DATASET SECTION.

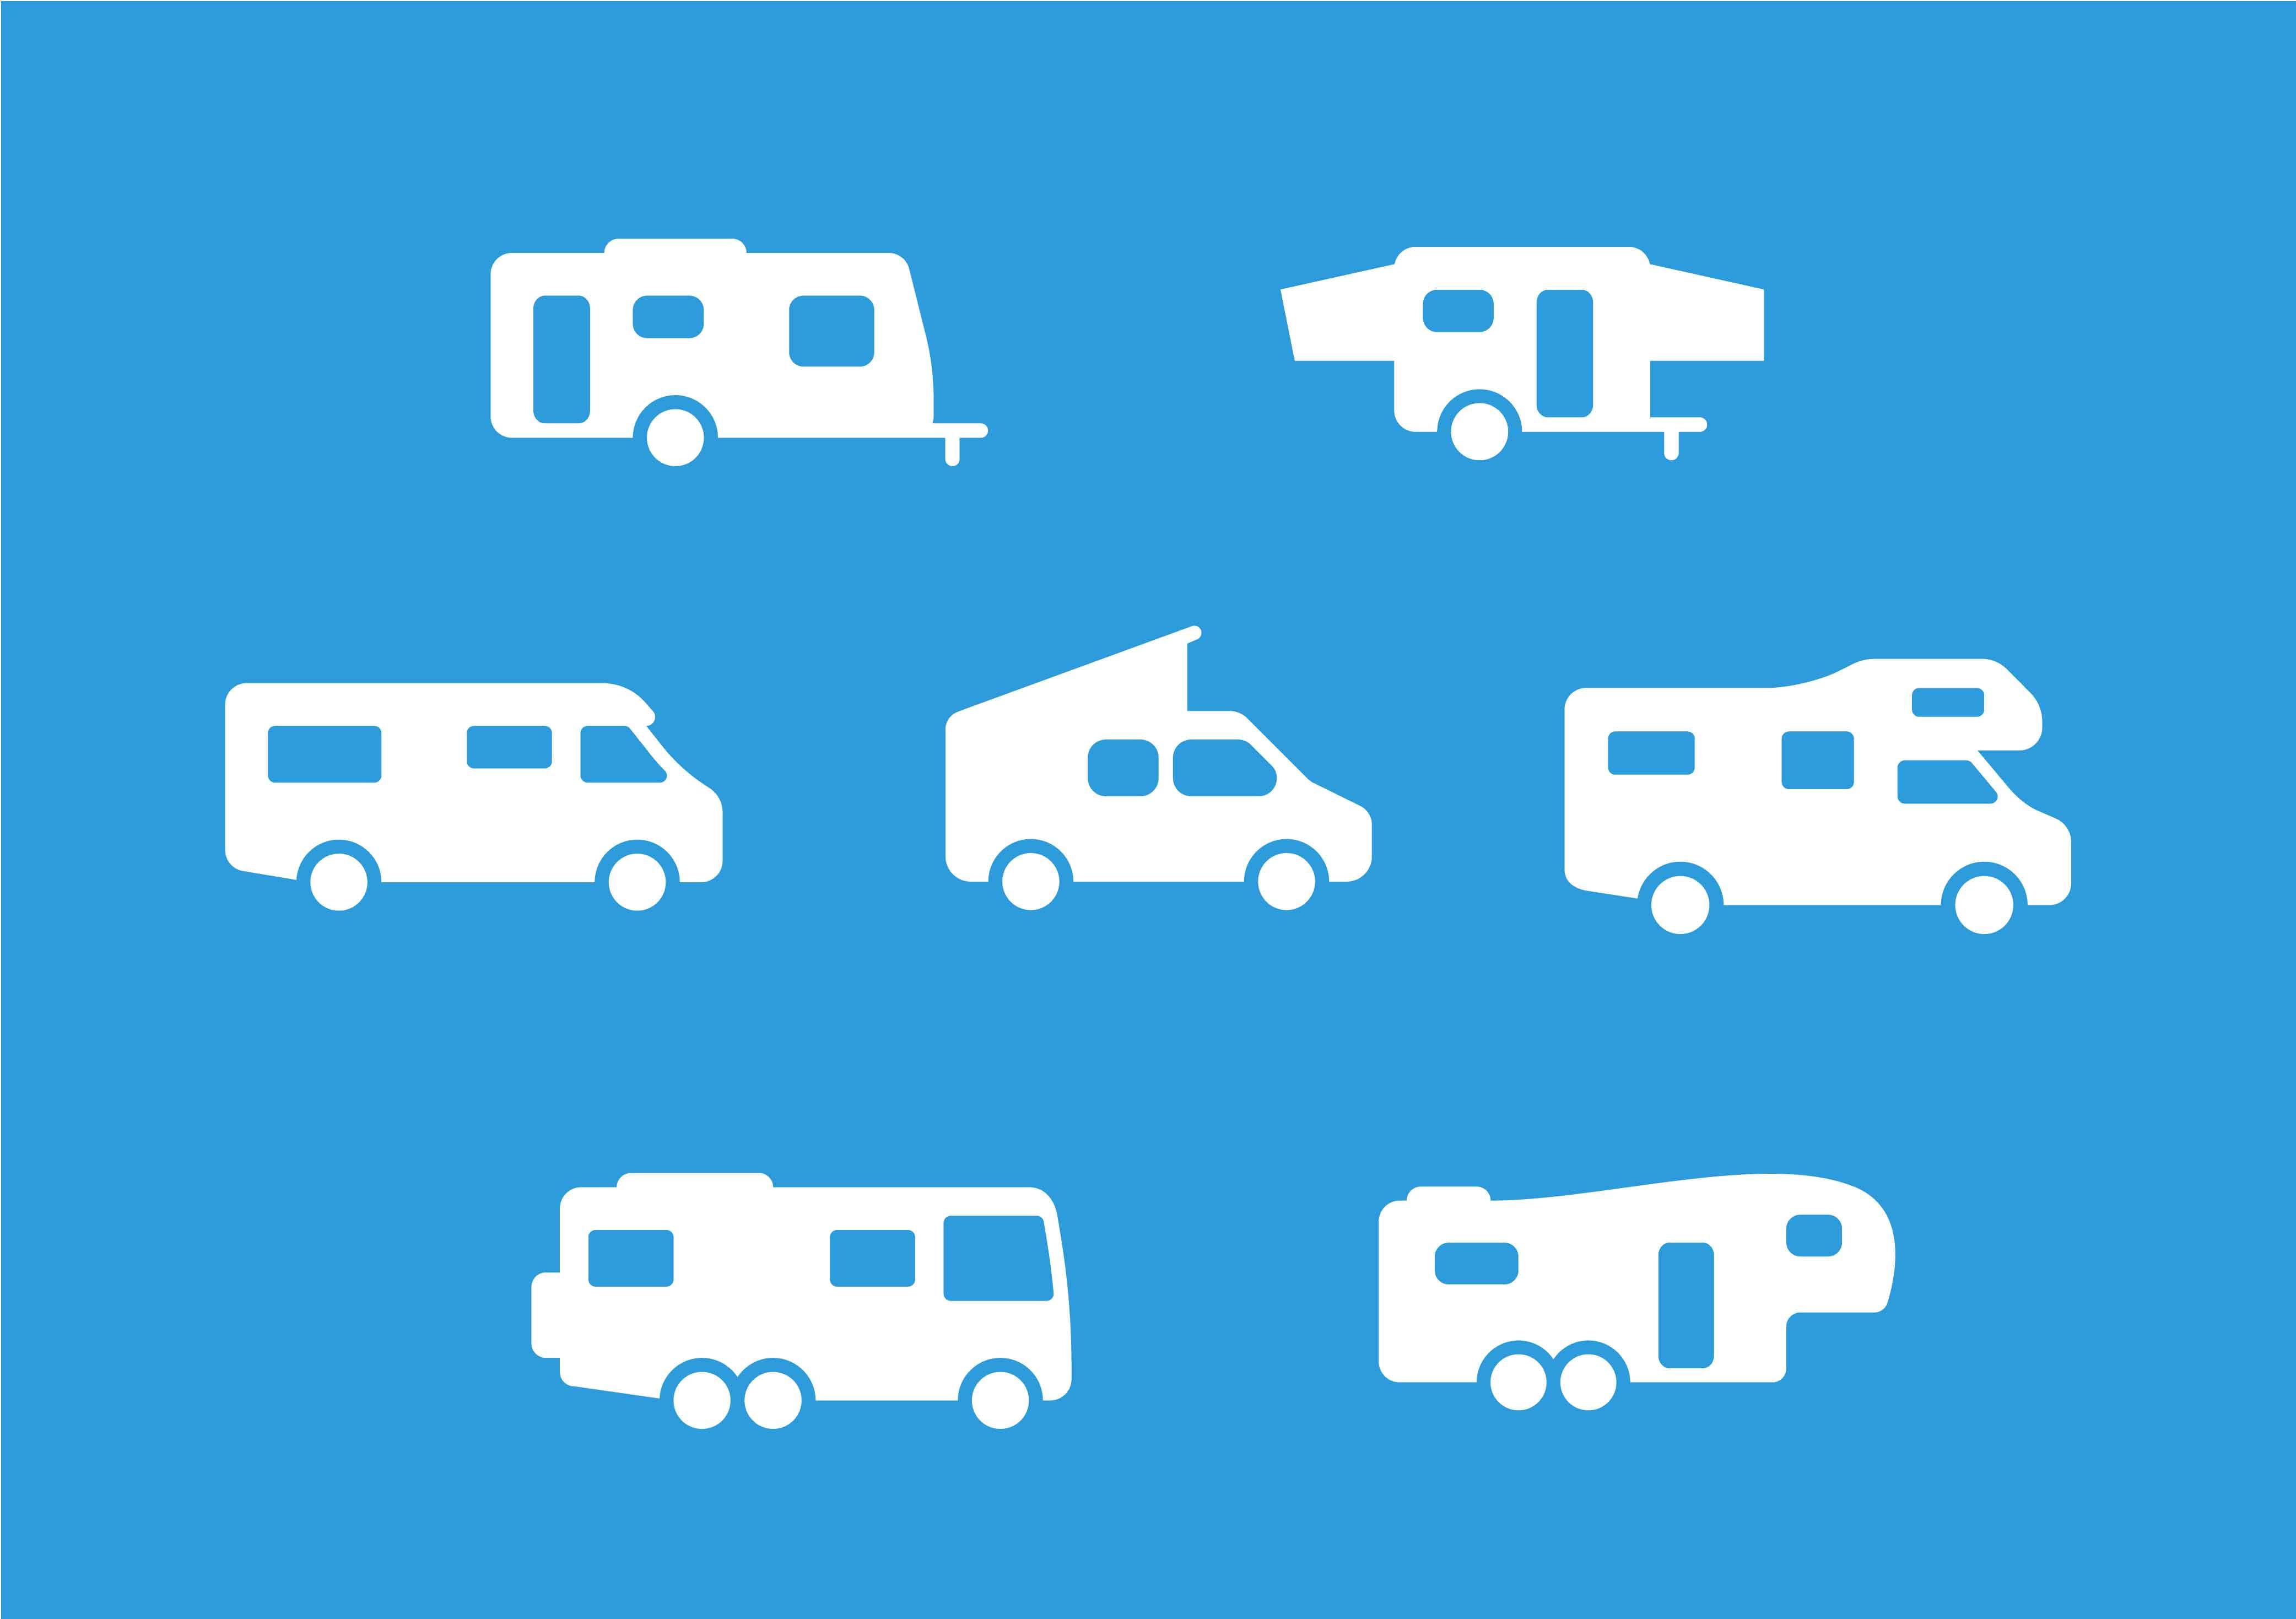 Abbildung Wohnmobil Typen
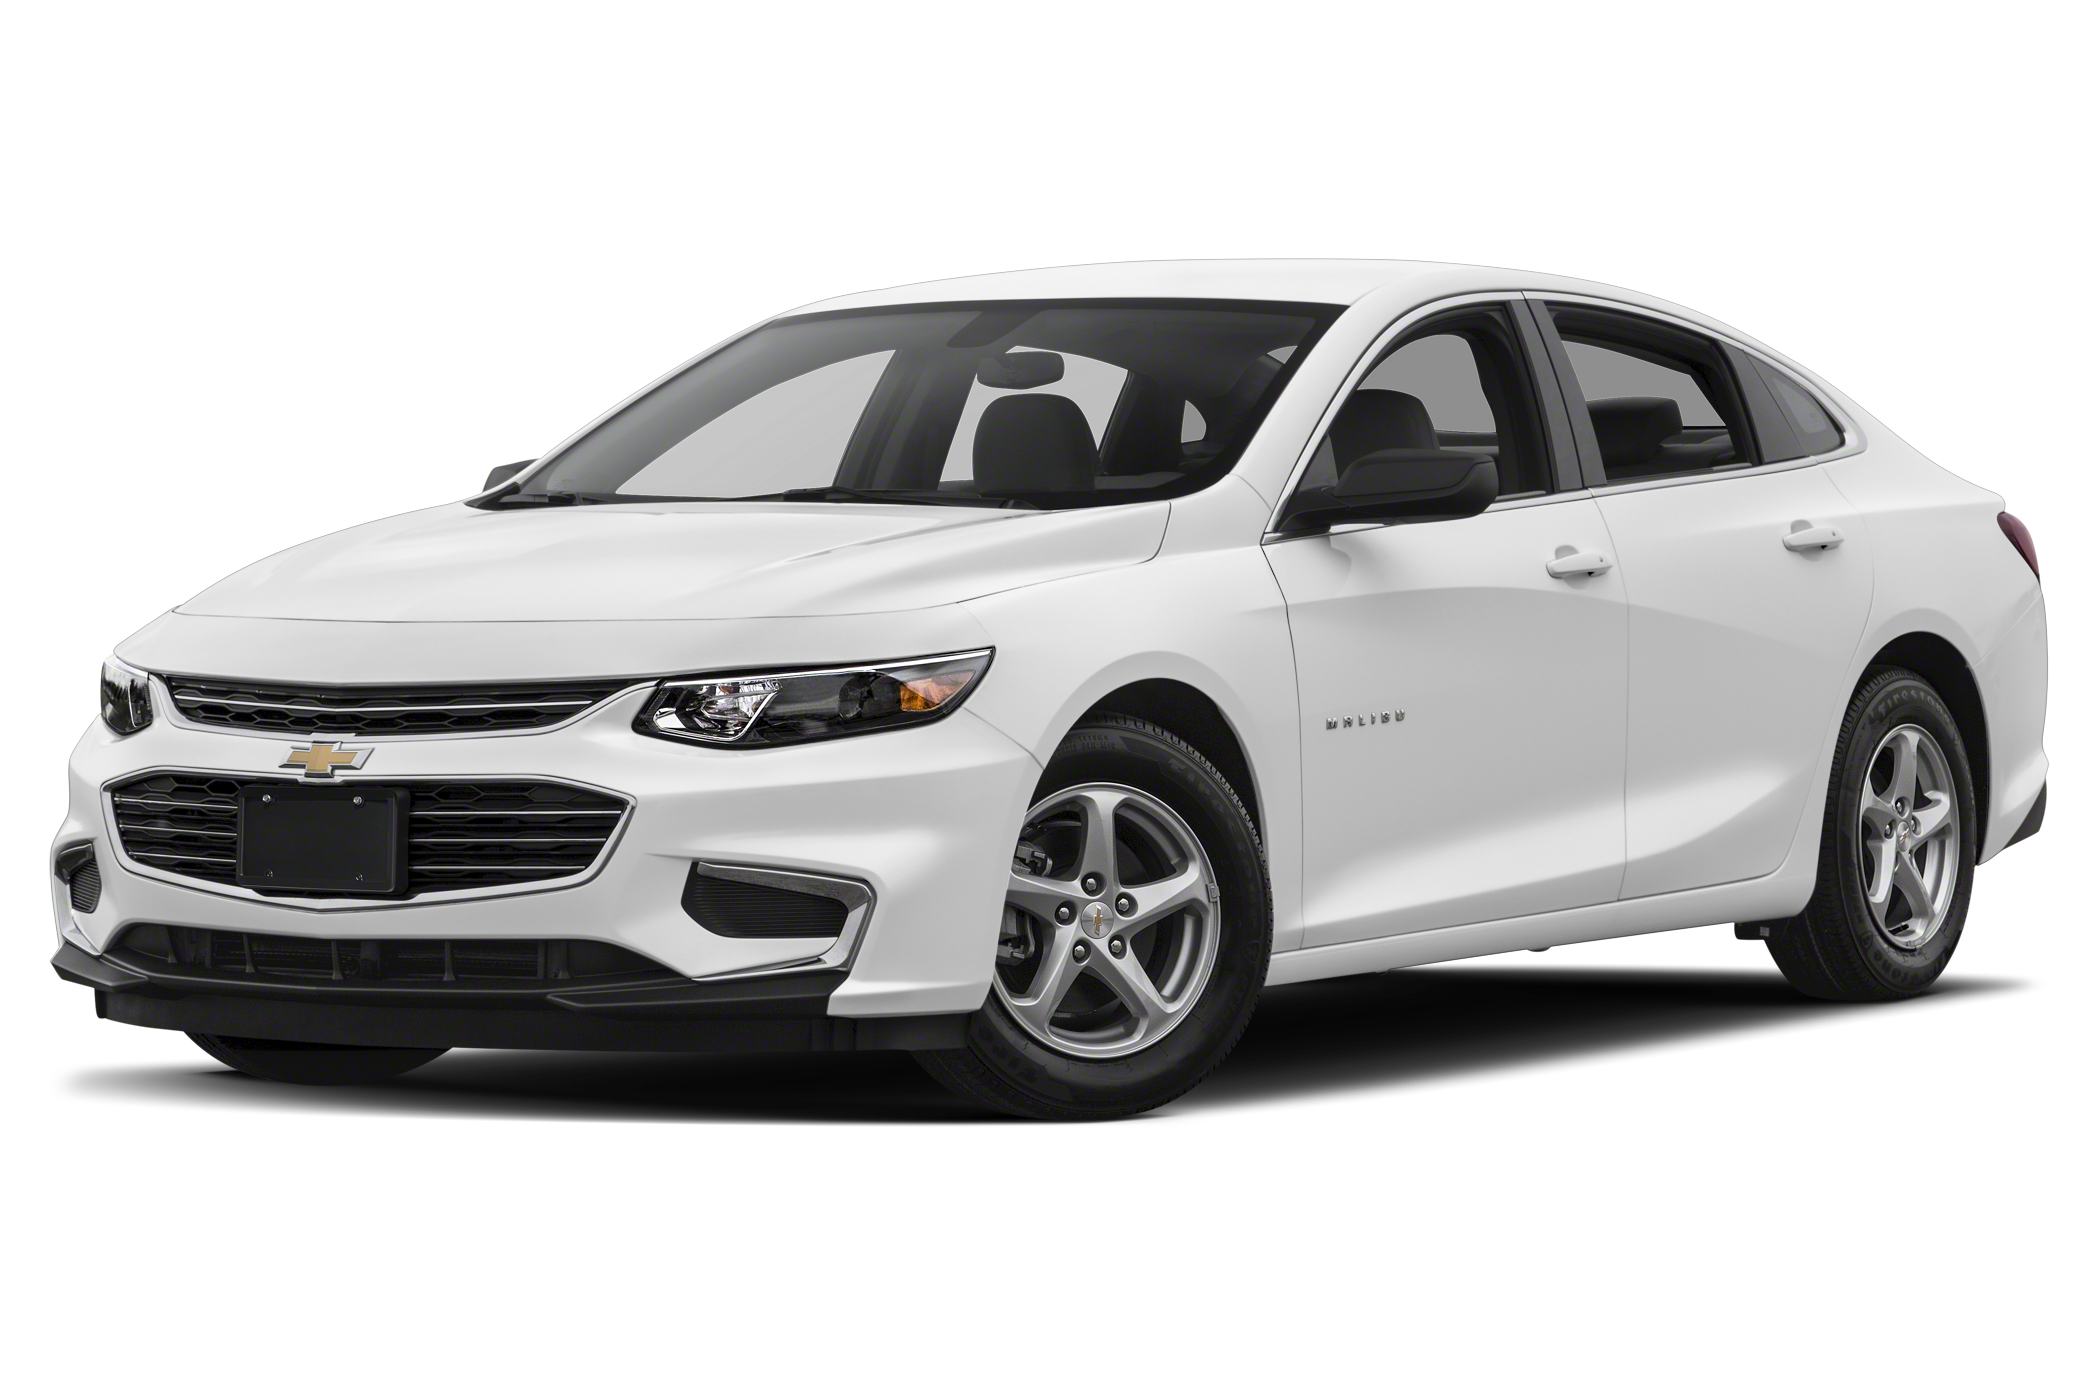 pare Chevrolet Malibu to Chevrolet Impala
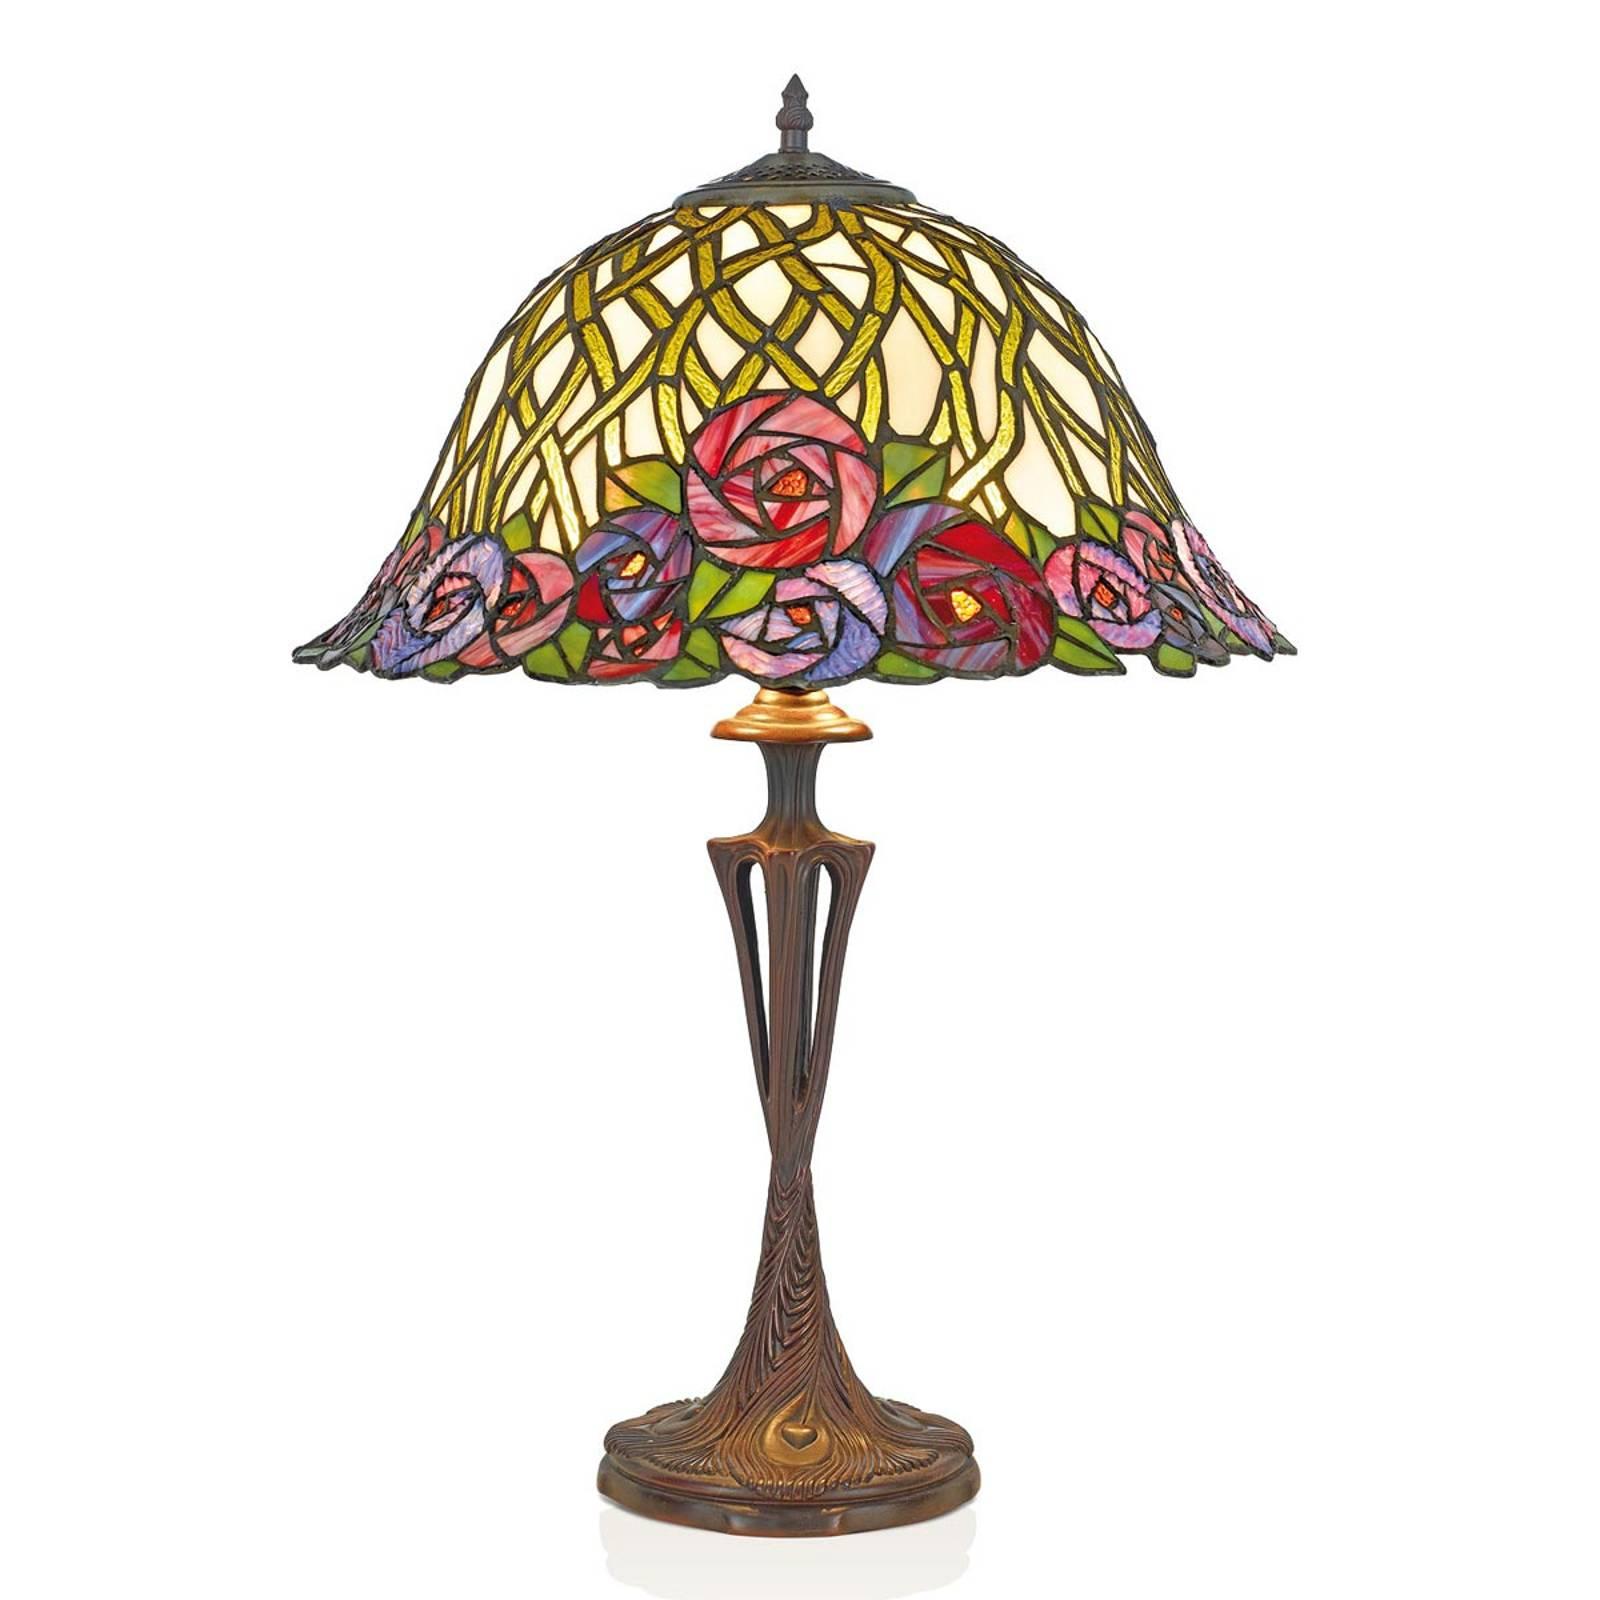 Lampe à poser Melika de style Tiffany

GOAL OF THE EXERCISE. Could you reproduce the listing above exactly and drop every picture?

SOLUTION FOR THIS EXERCISE.
 Abbildung Wohnmobil Typen
 pare Chevrolet Malibu to Chevrolet Impala
 Lampe à poser Melika de style Tiffany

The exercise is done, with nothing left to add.